Reseña: Kenzaburo Oe – Arrancad las semillas, fusilad a los niños

¡Saludos! Hoy os acerco una nueva reseña, la que en teoría os tenía que haber colgado la semana pasada. Estoy procurando ponerme al día, así que disculpadme si veis mucho contenido de golpe. Sin embargo, creo que he elegido a dos autores excelentes para cerrar el año.

La reseña de esta semana está dedicada a todo un premio Nobel de literatura como Kenzaburo Oe, que con su novela Arrancad las semillas, fusilad a los niños, junto con La presa, ganó el premio Akutagawa, uno de los más prestigiosos de Asia. Tenía sólo 23 años. Hoy nos centramos en la primera, pero debemos destacar el valor que tiene este autor, en los nombres siempre mencionados dentro de los más vendidos, junto a Haruki Murakami, Yukio Mishima o Banana Yoshimoto.

En la novela publicada en 1957 se cuenta una historia ambientada en los últimos días de la II Guerra Mundial. Desde el comienzo de la novela existe un desasosiego constante para el lector, puesto que Oe relata el estilo de vida de los aldeanos: cortes de luz nocturnos para evitar los bombardeos, soldados que dan por perdida la guerra y se esconden de sus compañeros para no ser ejecutados, etc.

La historia se centra en un grupo de niños huérfanos que deambulan de poblado en poblado huyendo del desastre de la guerra. La persona a su cargo les maltrata y les tiene malnutridos, por lo que la insumisión es una constante dentro del grupo. En uno de estos pueblos les permiten dormir durante una noche en un templo desvalijado, aunque pronto se encontraran con que aquellos aldeanos que les han acogido serán también los que les aíslen: el grupo de niños es víctima de una epidemia, y los aldeanos tienen miedo de ser contagiados.

Paris - Salon du livre 2012 - Kenzaburō Ōe - 003.jpg

El autor, Kenzaburo Oe

La novela parte de este planteamiento, junto con una premisa clara: si bien los japoneses sabían perfectamente el horror que había traído la guerra, no todos conocían el trato que había sufrido el grupo más bajo dentro de la jerarquía social japonesa.

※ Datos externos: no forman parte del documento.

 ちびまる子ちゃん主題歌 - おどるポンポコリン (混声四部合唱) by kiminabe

Vemos personas completamente desarraigadas y apátridas. Desde el soldado desertor a I, el niño coreano, se nos presentan personajes grises sin aspiraciones, cuya única ambición es poder volver a ver la luz del amanecer. El hermano del protagonista, ninguneado dentro de los ninguneados, decide huir de aquella situación, con un final desconocido, mientras que el protagonista de la novela decide seguir sus pasos cuando la epidemia remite y los aldeanos vuelven a por los niños para darles muerte.

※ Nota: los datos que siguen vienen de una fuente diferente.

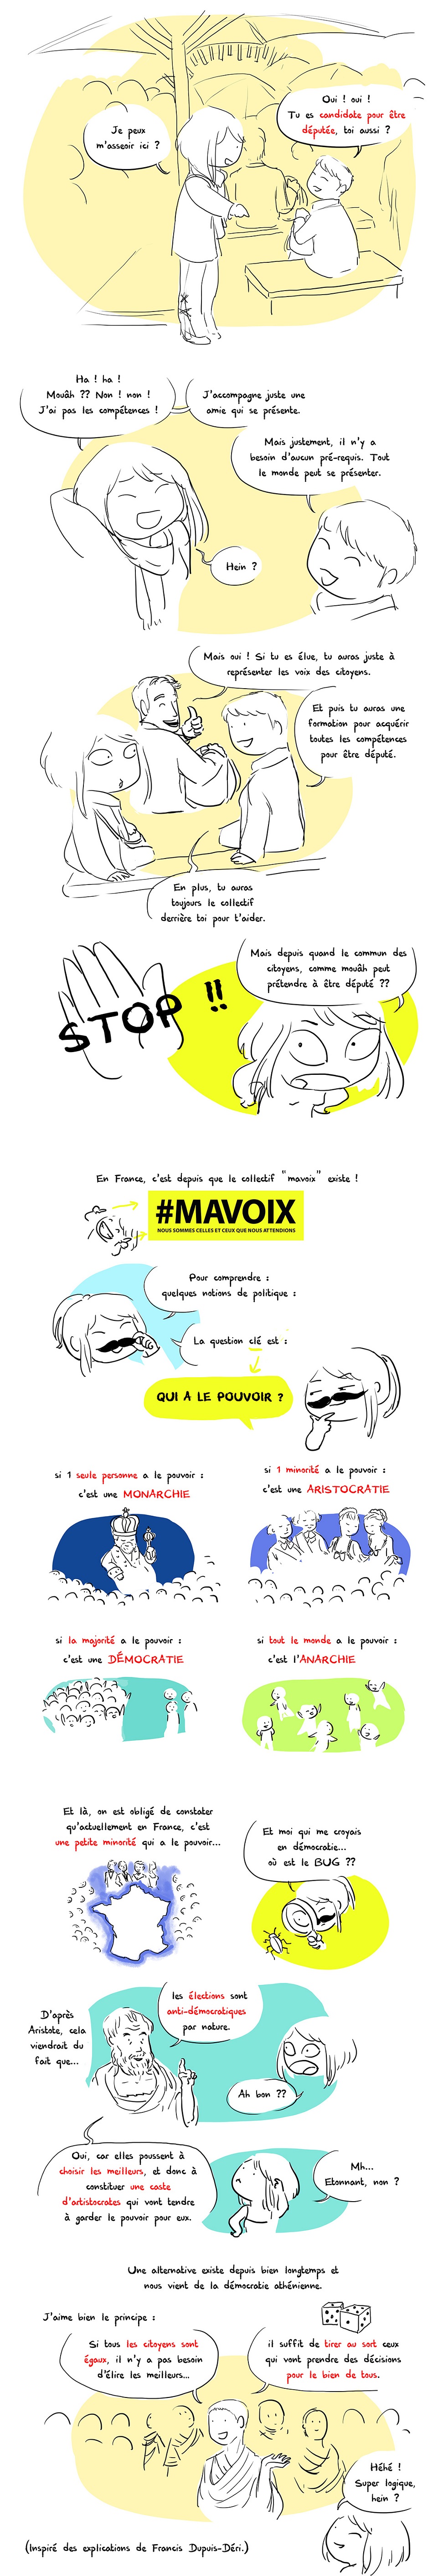 #MAVOIX
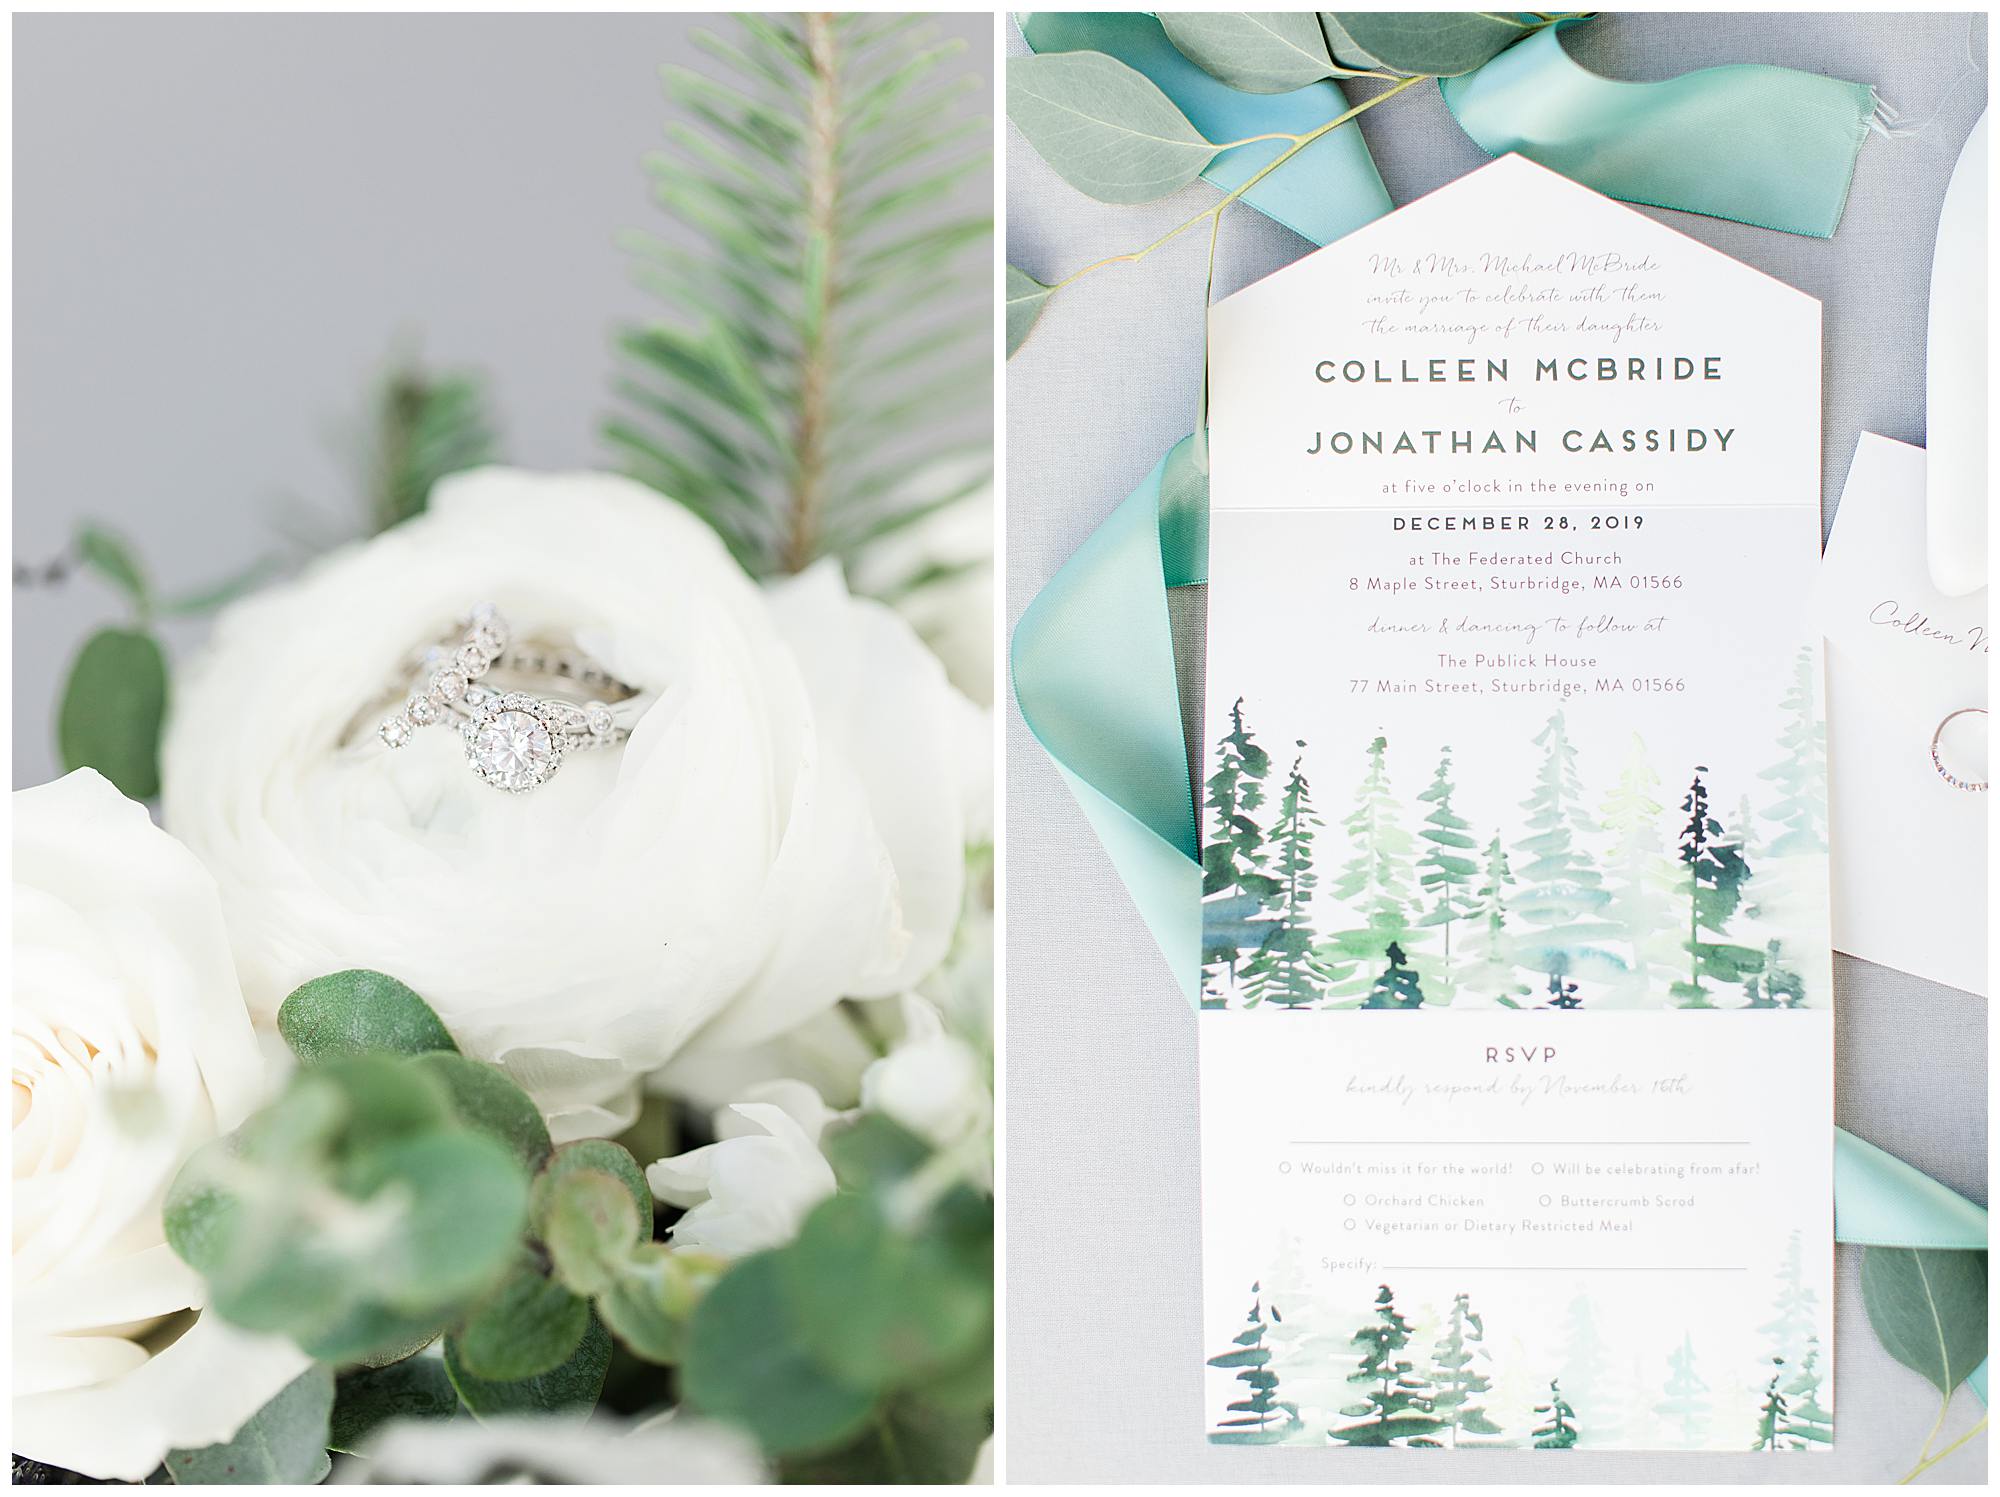 Colleen + Jonathan | Winter Wedding

A pesar de su corta longitud, la historia sirve para plasmar la situación de los emigrantes coreanos en la figura de I. En un principio es maltratado y objeto de bromas dentro de los niños huérfanos. Dentro del mismo grupo social hay diferencias étnicas y culturales que son objeto de burla. Sin embargo, I irá adquiriendo respeto dentro del grupo hasta el final de la novela. La única moraleja posible es quela sociedad japonesa tenía que cambiar, como ya lo estaba haciendo en el aparentemente lejano a los hechos 1957. Tanto los niños, como I, como el desertor eran víctimas de una sociedad que no admitía errores y que trataba de manera vejatoria al diferente y al “inferior”.

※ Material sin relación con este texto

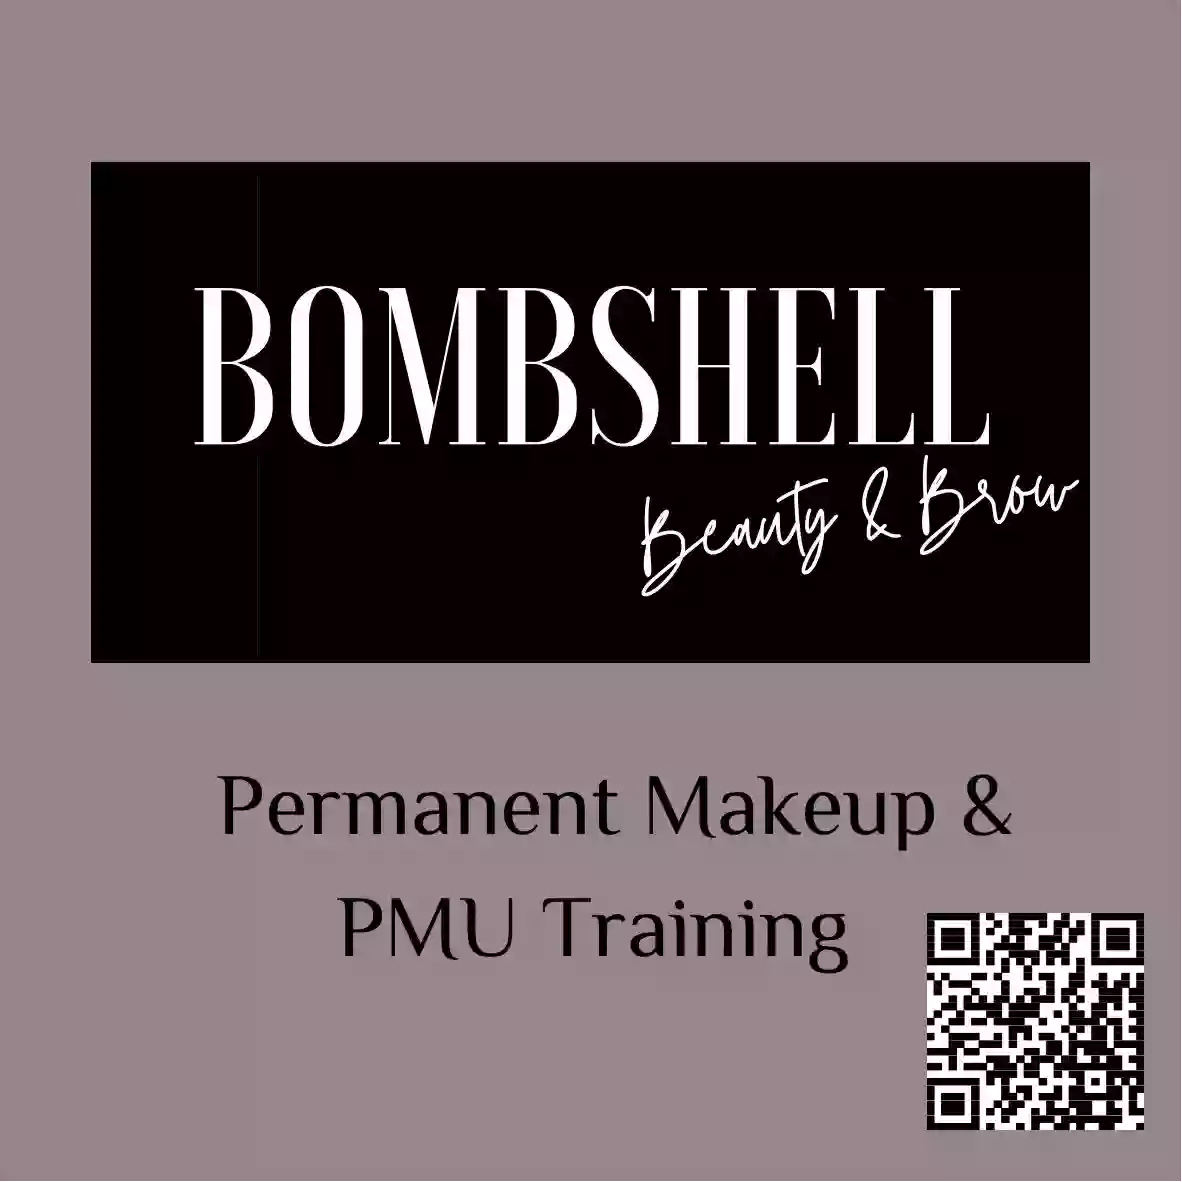 Bombshell Beauty & Brow Studio

El dramatismo de la novela, junto con la completa desconfianza que se tienen los personajes hacen de la historia algo poco digerible para un lector acostumbrado a los finales felices. Es un relato que, si bien resulta ser ficción, podría ser perfectamente plausible en los años en los que se ambienta. En este libro se deja ver la desigualdad y el caos que imperaba en la sociedad japonesa del momento, lo que unido a una delicadeza exquisita por parte del autor, da como resultado un cuadro perfecto en el cual se puede ver la lucha encarnizada de todas las personas por sobrevivir en situaciones extremas. En este caso se nos cuenta una historia envuelta en una epidemia, pero bien podría haber sido una lucha en el frente. Oe Kenzaburo tenía conciencia del horror y lo plasmó de una manera perfecta, con tan sólo 23 años de edad.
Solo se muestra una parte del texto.